GenLaw DC Workshop

The Laboratorium 2024-04-15

I’m at the GenLaw workshop on Evaluating Generative AI Systems: the Good, the Bad, and the Hype today, and I will be liveblogging the presentations.

Introduction

Hoda Heidari: Welcome! Today’s event is sponsored by the K&L Gates Endowment at CMU, and presented by a team from GenLaw, CDT, and the Georgetown ITLP.

Katherine Lee: It feels like we’re at an inflection point. There are lots of models, and they’re being evaluated against each other. There’s also a major policy push. There’s the Biden executive order, privacy legislation, the generative-AI disclosure bill, etc.

All of these require the ability to balance capabilities and risks. The buzzword today is evaluations. Today’s event is about what evaluations are: ways of measuring generative-AI systems. Evaluations are proxies for things we care about, like bias and fairness. These proxies are limited, and we need many of them. And there are things like justice that we can’t even hope to measure. Today’s four specific topics will explore the tools we have and their limits.

A. Feder Cooper: Here is a concrete example of the challenges. One popular benchmark is MMLU. It’s advertised as testing whether models “possess extensive world knowledge and problem solving ability.” It includes multiple-choice questions from tests found online, standardized tests of mathematics, history, computer science, and more.

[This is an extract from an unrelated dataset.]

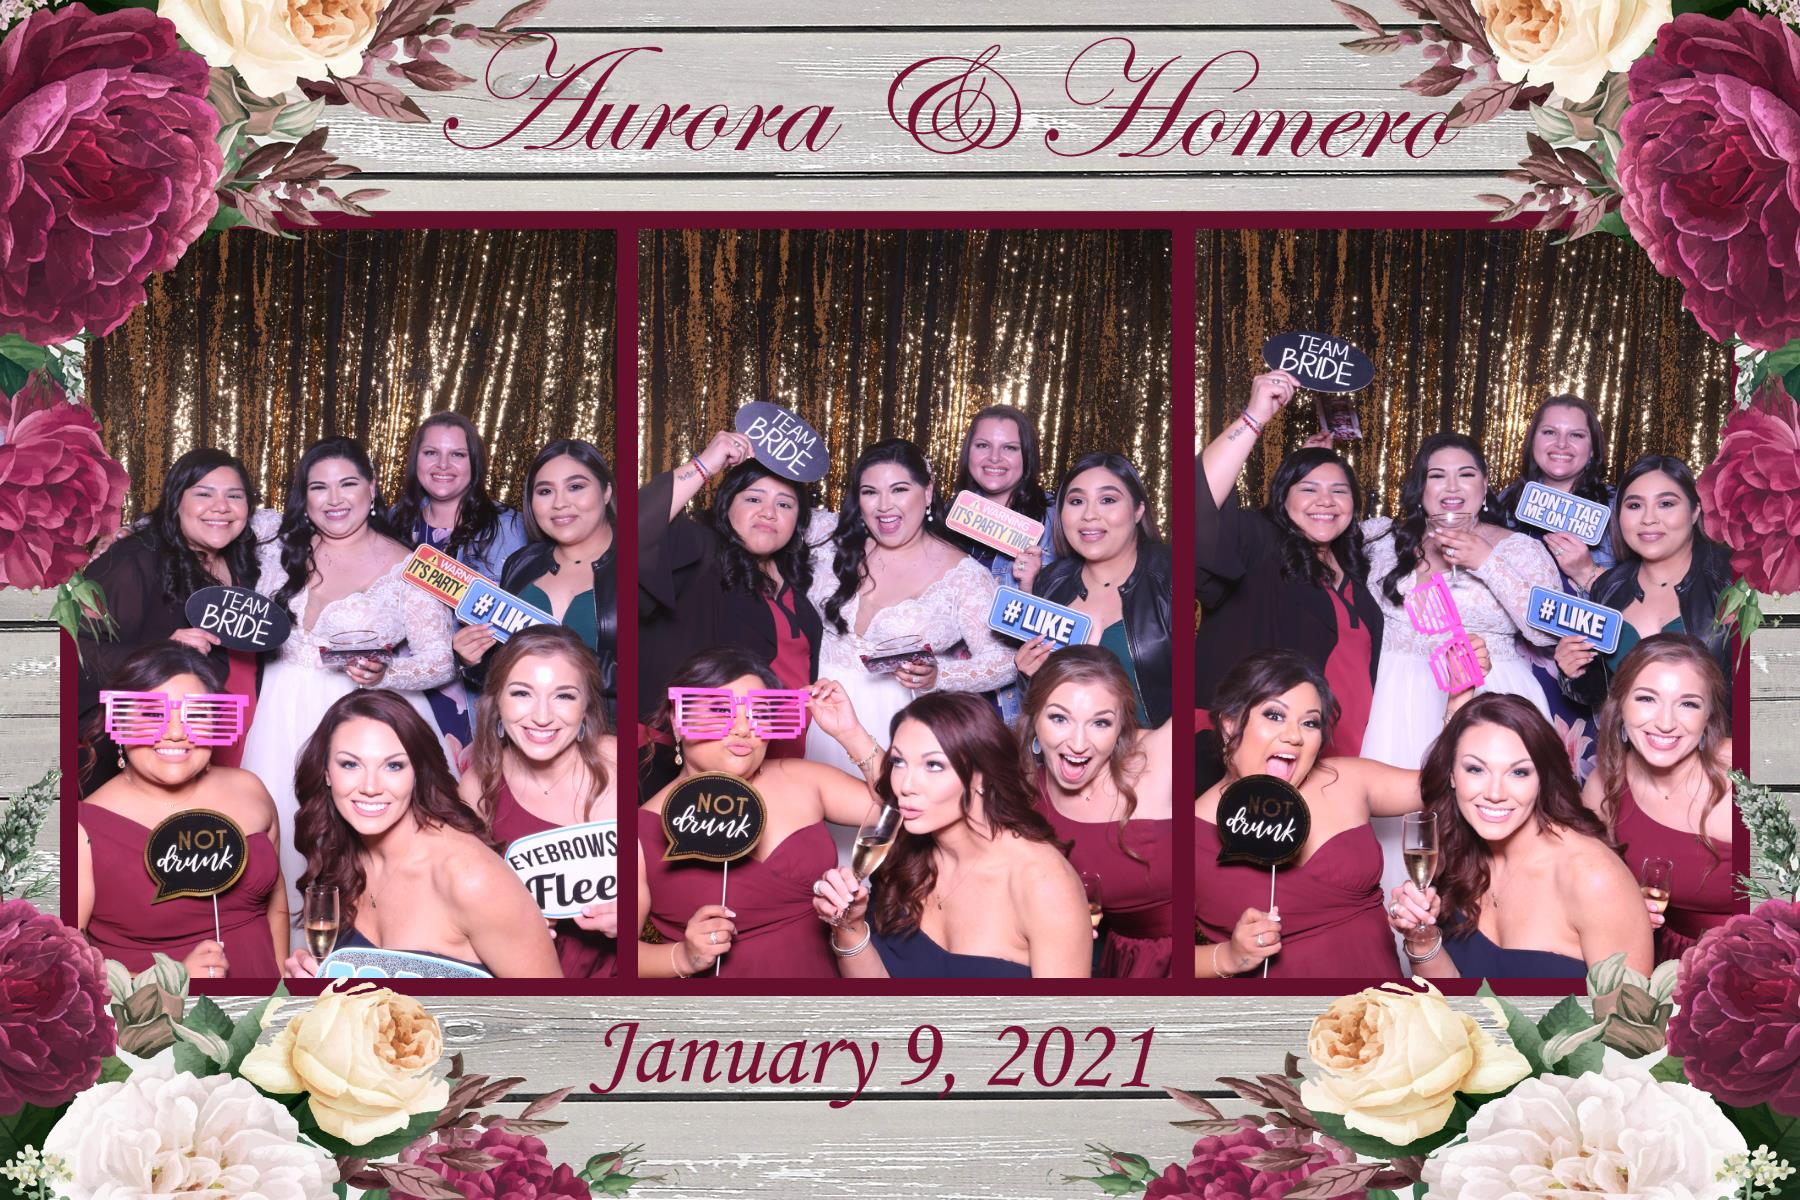 Magic Mirror Booth 3 The Best DJ in Houston for FUN Dancing!!
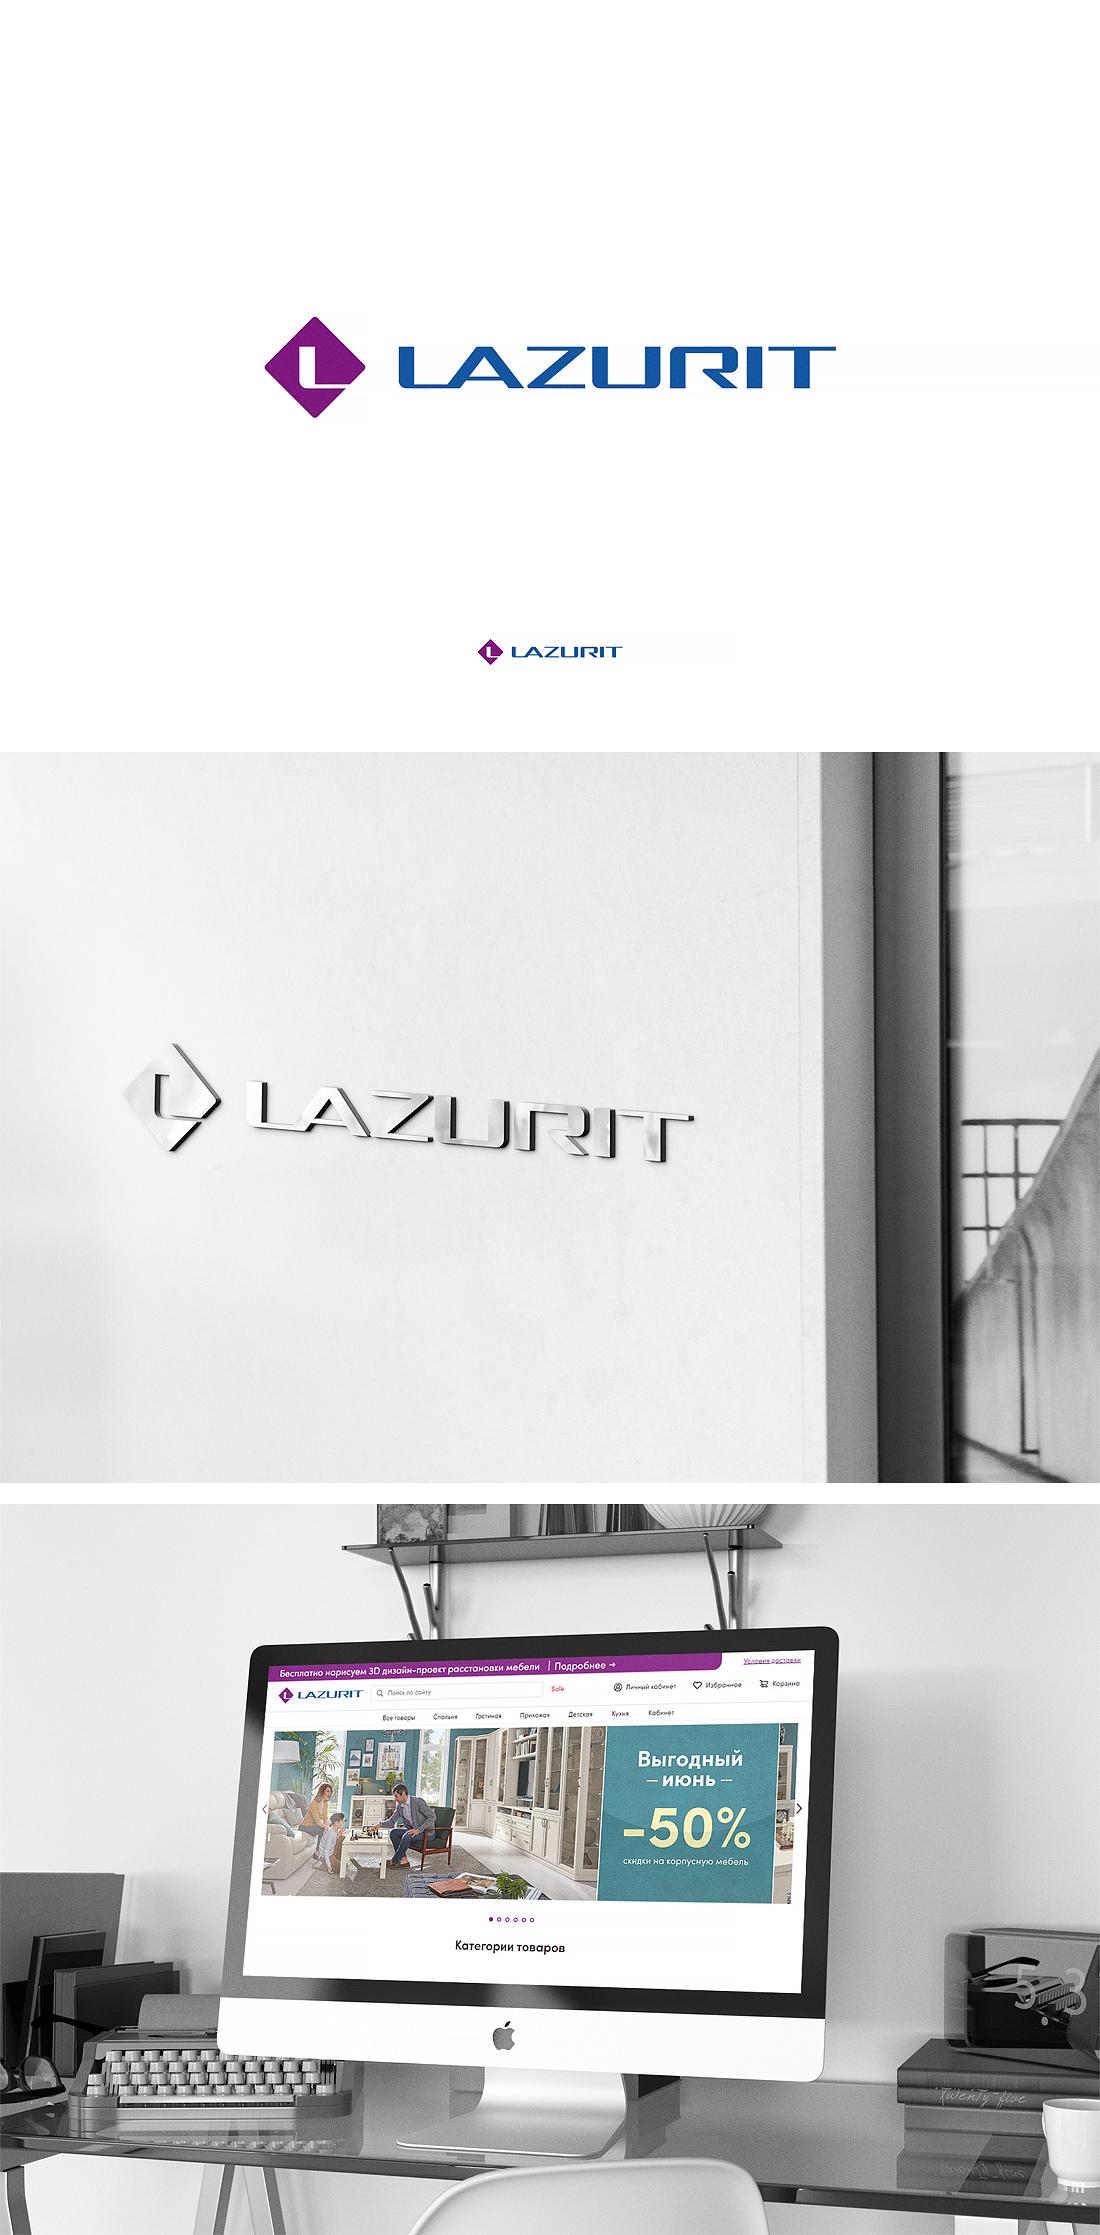 Рестайлинг логотипа компании. фото f_6195efb7112a3bdd.jpg

But evaluations are surprisingly brittle; CS programs don’t always rely on the GRE. In addition, it’s not clear what the benchmark measures. In the last week, MMLU has come under scrutiny. It turns out that if you reorder the questions as you give them to a language model, you get wide variations in overall scores.

This gets at another set of questions about generative-AI systems. MMLU benchmarks a model, but systems are much more than just models. Most people interact with a deployed system that wraps the model in a program with a user interface, filters, etc. There are numerous levels of indirection between the user’s engagement and the model itself.

And even the system itself is embedded in a much larger supply chain, from data through training to alignment to generation. There are numerous stages, each of which may be carried out by different actors doing different portions. We have just started to reason about all of these different actors and how they interact with each other. These policy questions are not just about technology, they’re about the actors and interactions.

Alexandra Givens: CDT’s work involves making sure that policy interventions are grounded in a solid understanding of how technologies work. Today’s focus is on how we can evaluate systems, in four concrete areas:

  1. Training-data attribution
  2. Privacy
  3. Trust and safety
  4. Data provenance and watermarks

We also have a number of representatives from government giving presentations on their ongoing work.

Our goals for today are on providing insights on cross-disciplinary, cross-community engagement. In addition, we want to pose concrete questions for research and policy, and help people find future collaborators.